# YOLO Dataset Image Creation

The role of this notebook is to create images for the YOLO dataset.
The YOLO model is the model that is used to predict a bounding box around worm's head.
In order for the model to make successful detections, the model must be trained on example images.
In this notebook, we create such example images. As input, we expect images containing the entire arena, and the resulting output images are images of some *pre-defined fixed* size, in which the worm is visible.
These output images are obtained by cropping the input images around the worm which was detected within it. Each such cropped image is referred to as sample.
It's important to note, that we create as many samples as we would like, and we do not have to extract a sample image from every input image. 

The proper function of this notebook relies on the following assumptions, and would not function correctly if they do not hold:
1.  In the original footage of the experiment, the background is stationary and always within the field of view. 
    That is, the position of the camera that captured the experiment footage is constant with regards to the arena.
2.  At each frame, a single instance of the worm is visible, no less and no more.

To detect the worm positions within the input images, the following process is performed:
1.  The background is calculated by sampling large amount of raw input images, and calculating pixelwise median among them.
2.  Given some input image, non-background objects are calculated by subtracting the background from the image, and marking the regions where the difference is greater than some pre-defined threshold.
3.  Among non-background objects detected in the input image, the biggest object is found and treated as the worm.


In [None]:
import cv2 as cv
from utils.frame_reader import *
from dataset.box_calculator import *
from dataset.sample_extractor import *
from utils.gui_utils import UserPrompt

### Input and output definitions

In [None]:
################################ User Input ################################

# select the folder containing the original frame images 
src_folder = None

# select the folder into which the extracted samples will be saved to
output_folder = None

############################################################################

if src_folder is None:
    src_folder = UserPrompt.open_directory("Select the folder containing the original frame images")

if output_folder is None:
    output_folder = UserPrompt.open_directory("Select the folder into which the extracted samples will be saved to")

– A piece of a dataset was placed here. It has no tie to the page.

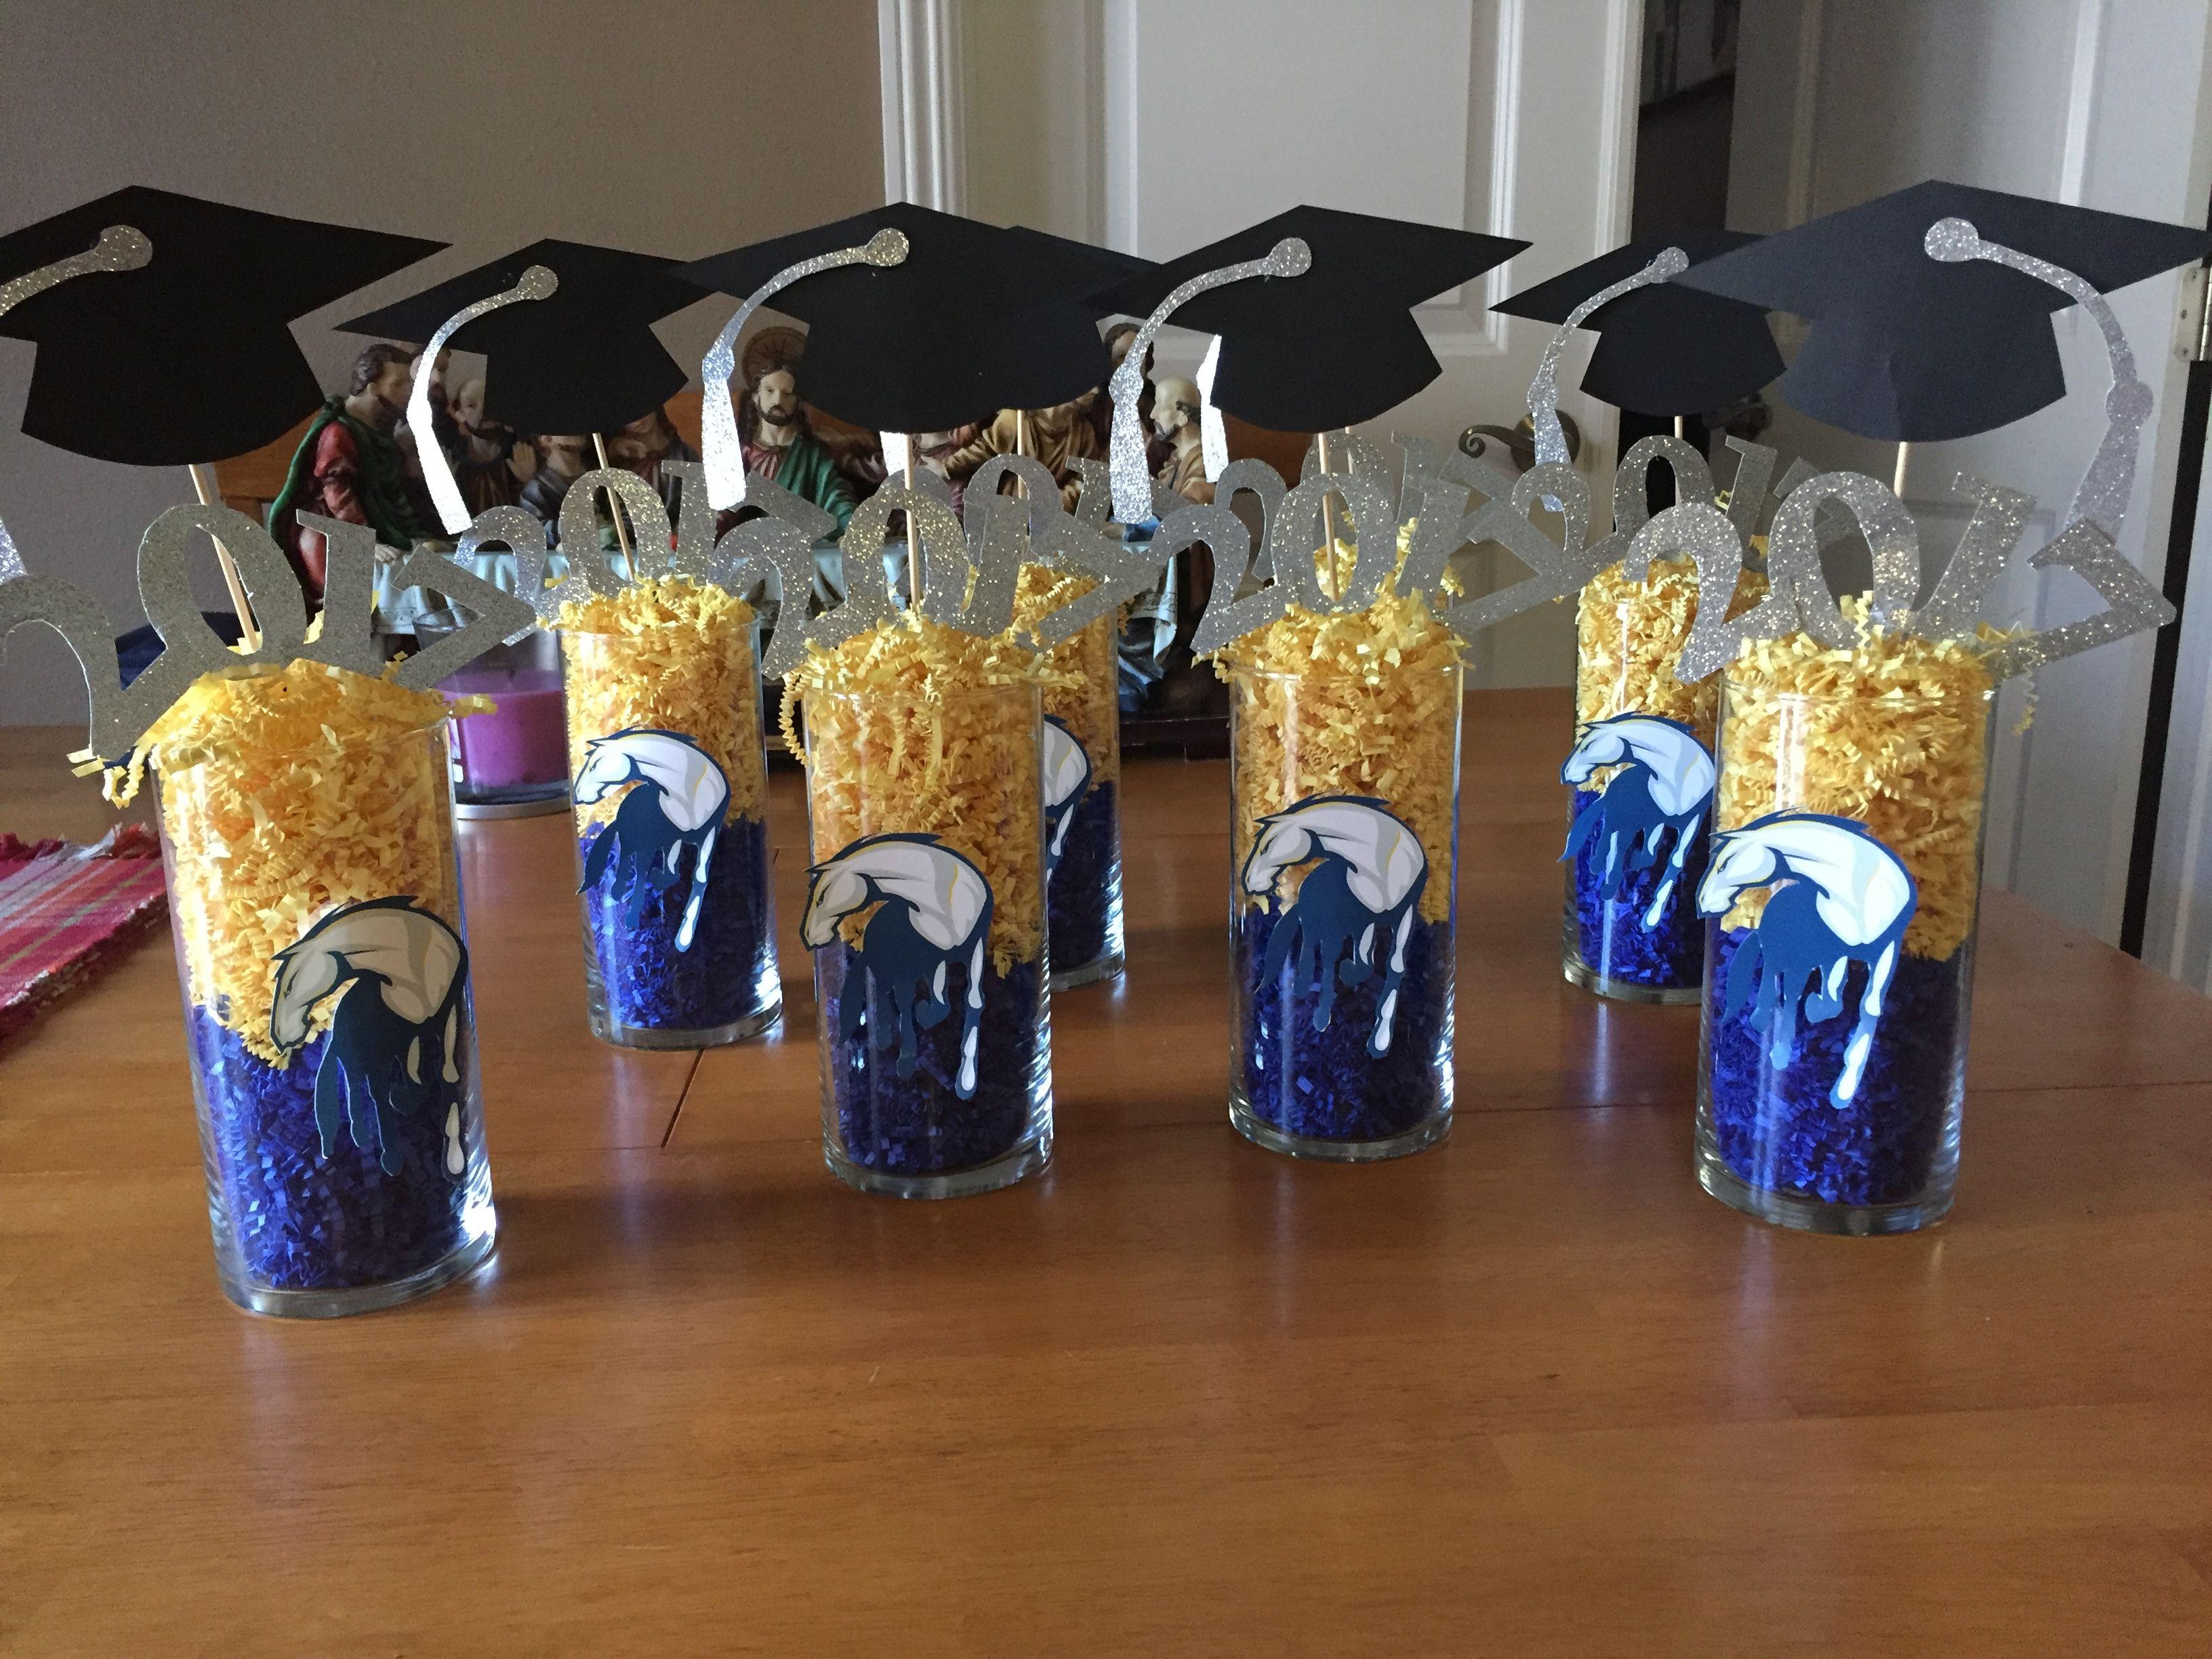 Uc Davis Graduation Centerpieces Graduation Party Centerpieces Graduation Party Decor Graduation Party Inspiration

print(f"original frame images folder: {src_folder}")
print(f"output folder: {output_folder}")

In [None]:
# read all files from the source folder
src_frames = FrameReader.create_from_directory(src_folder, read_format=cv.IMREAD_GRAYSCALE)

### Foreground object detection parameters

In [None]:
################################ User Input ################################

# define the parameters by which objects are detected

box_calc = BoxCalculator(
    bg_probes=1000,  # number of images to use to calculate the background
    diff_thresh=10,  # threshold for the difference between the background and the current frame to detect non-background objects
    frame_reader=src_frames,
)

############################################################################

# create sample extractor which uses the BoxCalculator to extract samples
sample_extractor = SampleExtractor(box_calc)

### Extraction of samples from the input images

Note, that the following step might take a while, especially if the count of extracted samples is large.

In [None]:
################################ User Input ################################

# extract samples from the original images

sample_extractor.create_samples(
    count=300,  # number of samples to extract
    target_size=(384, 384),  # size of the extracted samples
    name_format="img_{:09d}.png",  # naming format of the extracted samples
    num_workers=None,  # multiprocessing related, read doc for more info
    chunk_size=50,  # multiprocessing related, read doc for more info
    save_folder=output_folder,
)

############################################################################